An international team led by researchers at the Okinawa Institute of Science and Technology Graduate University (OIST) used cutting-edge imaging to capture a protein pump working in real-time. The findings revealed how bacteria send proteins out of the cell, a mechanism linked to bacterial pathogenesis and biofilm formation. Bacterial secretion systems are also of interest in biotechnology and medicine, as they can be used to deliver therapeutic proteins to specific target cells.

Gram-negative bacteria are able to send out proteins through their outer membranes via a large molecular machine known as the type II secretion system (T2SS). This pump is composed of approximately 15 protein components that work together like a syringe, allowing bacteria to send out effector proteins into their surroundings.

"Using cryo-electron microscopy, we were able to image this multi-protein assembly, called the secretin, at the molecular level. The secretin forms the channel that the effector proteins are ejected through," explained Dr. Daniel Depo, first author on the paper and a postdoctoral scholar at OIST.

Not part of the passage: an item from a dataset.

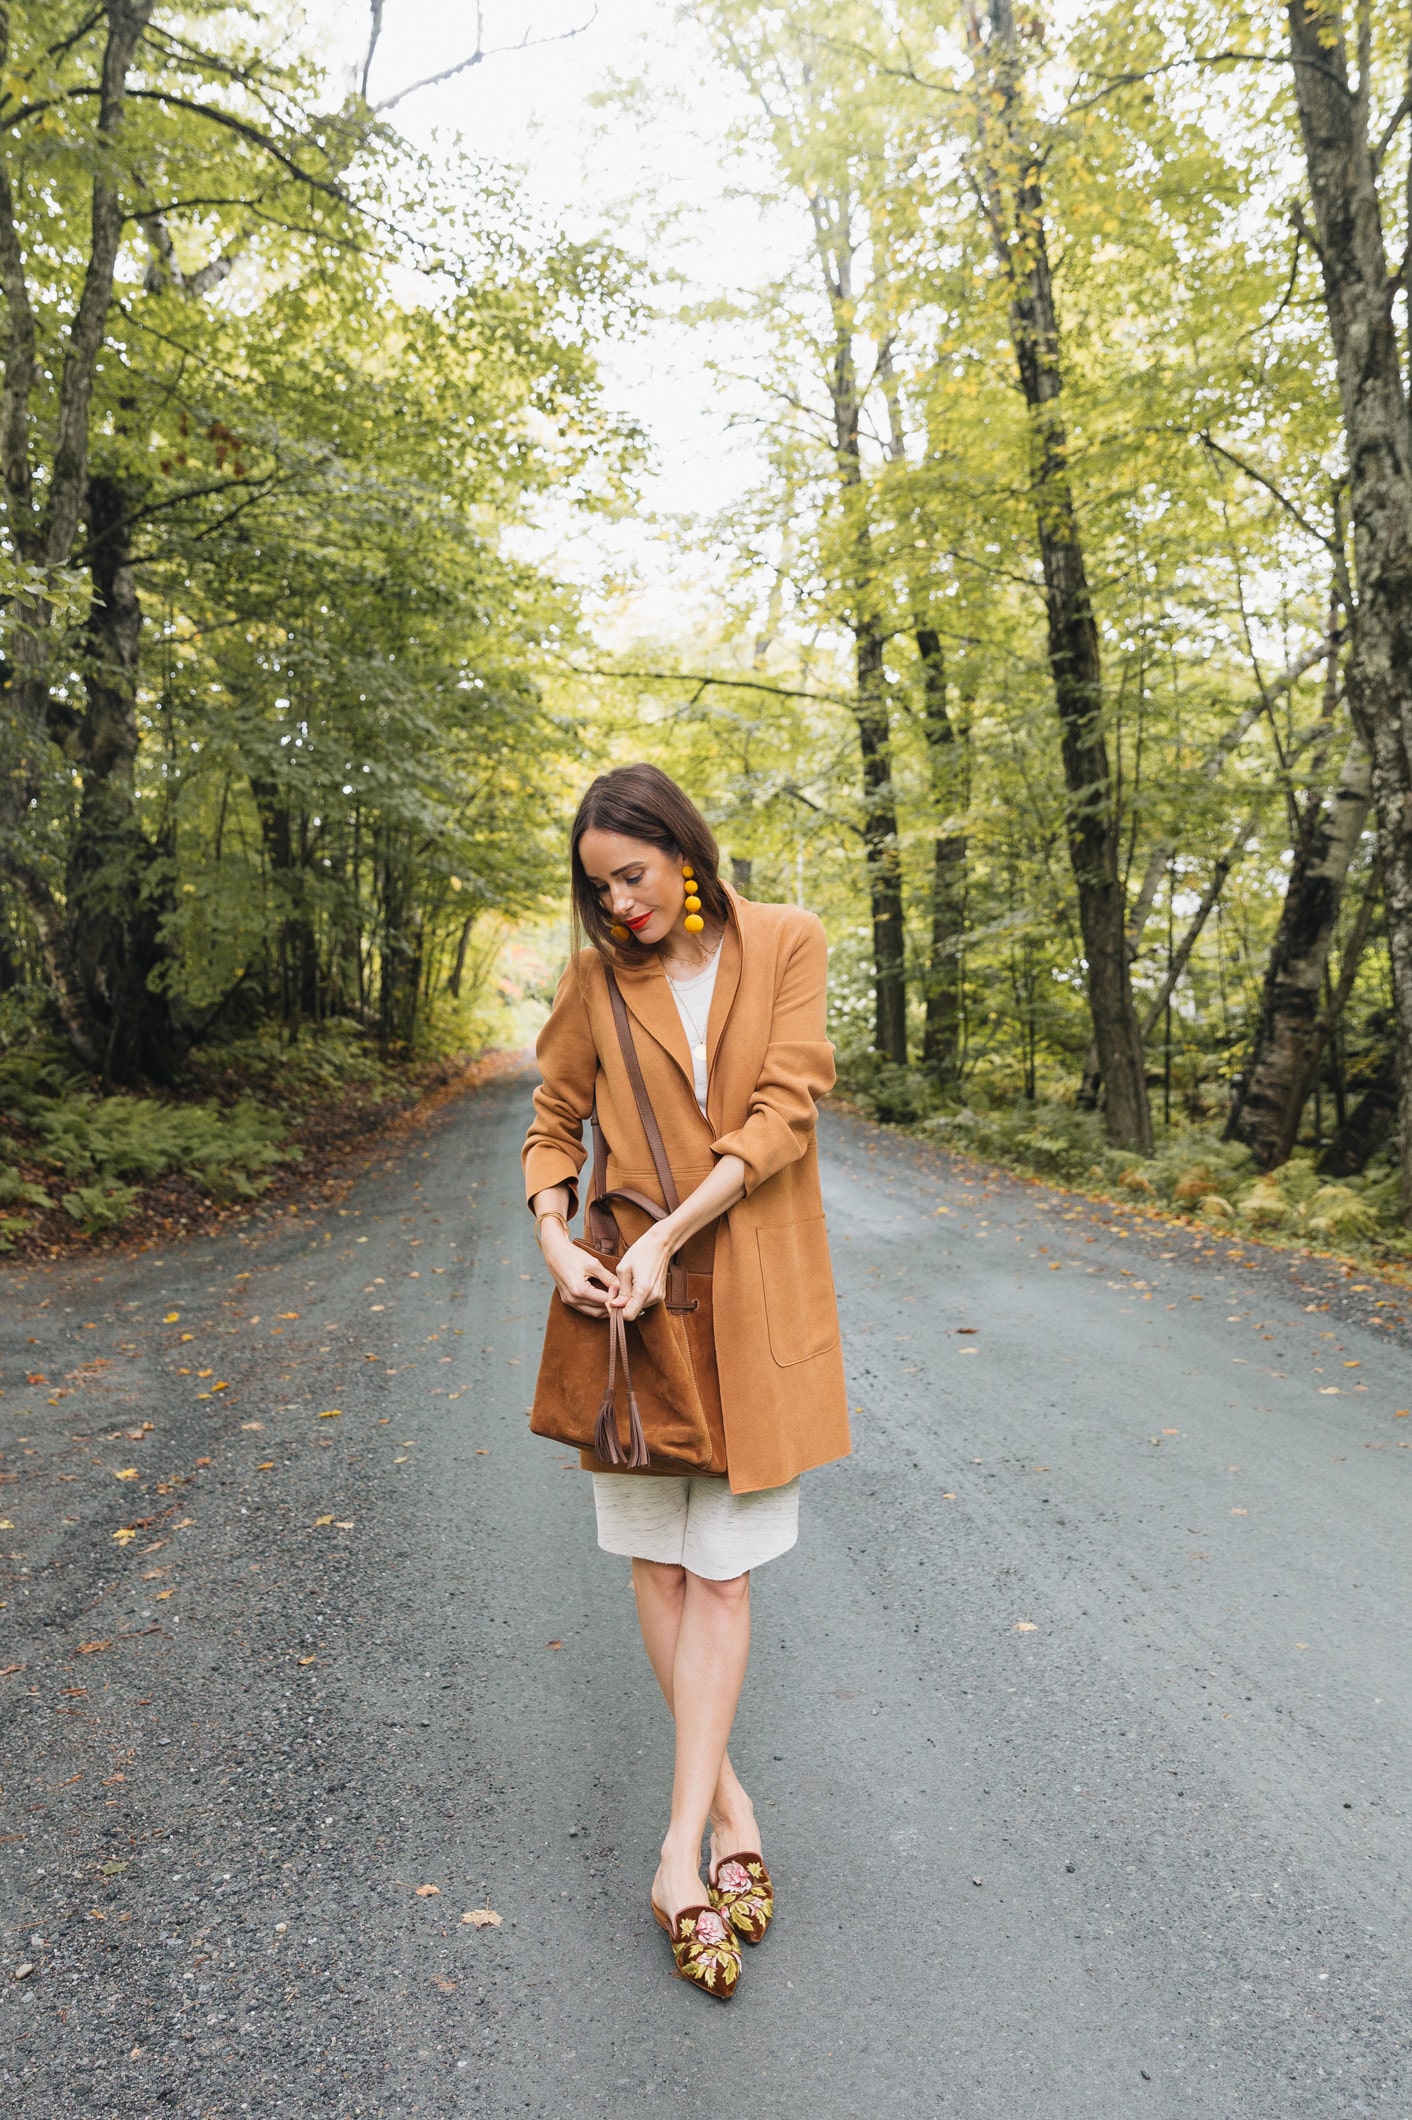 Louise Roe wearing a camel coat for fall in Vermont

One of the challenges of imaging biological structures is keeping them as close as possible to their native state. This is especially important for protein complexes like the secretin, which are dynamic structures constantly undergoing conformational changes.

"What makes our study different from previous ones is that we imaged the secretin as it functions, in a process called cryo-trapping," said Dr. Depo. "This approach allows us to capture a series of snapshots throughout the different steps of the secretion cycle."

The scientists used a combination of imaging techniques, including single-particle cryo-EM and high-speed atomic force microscopy to capture the structure and function of the secretin. The results revealed how the secretin forms a gated channel and how it interacts with effector proteins to enable the efficient secretion of proteins out of the cell.

"The mechanism of protein secretion in gram-negative bacteria has been studied for decades," said Professor James Hurley, senior author on the paper and head of OIST's Molecular Cryo-Imaging Facility. "This secretion process plays an important role in the way that bacteria interact with their surroundings, such as causing disease in plants or animals. By understanding the mechanisms at the molecular level, we hope to gain insight into new strategies for developing drugs to inhibit these processes."

This research, published in Nature Communications, opens up new avenues for understanding the structure and function of the T2SS and will aid in the ongoing development of novel therapeutic strategies targeting the secretion pathway.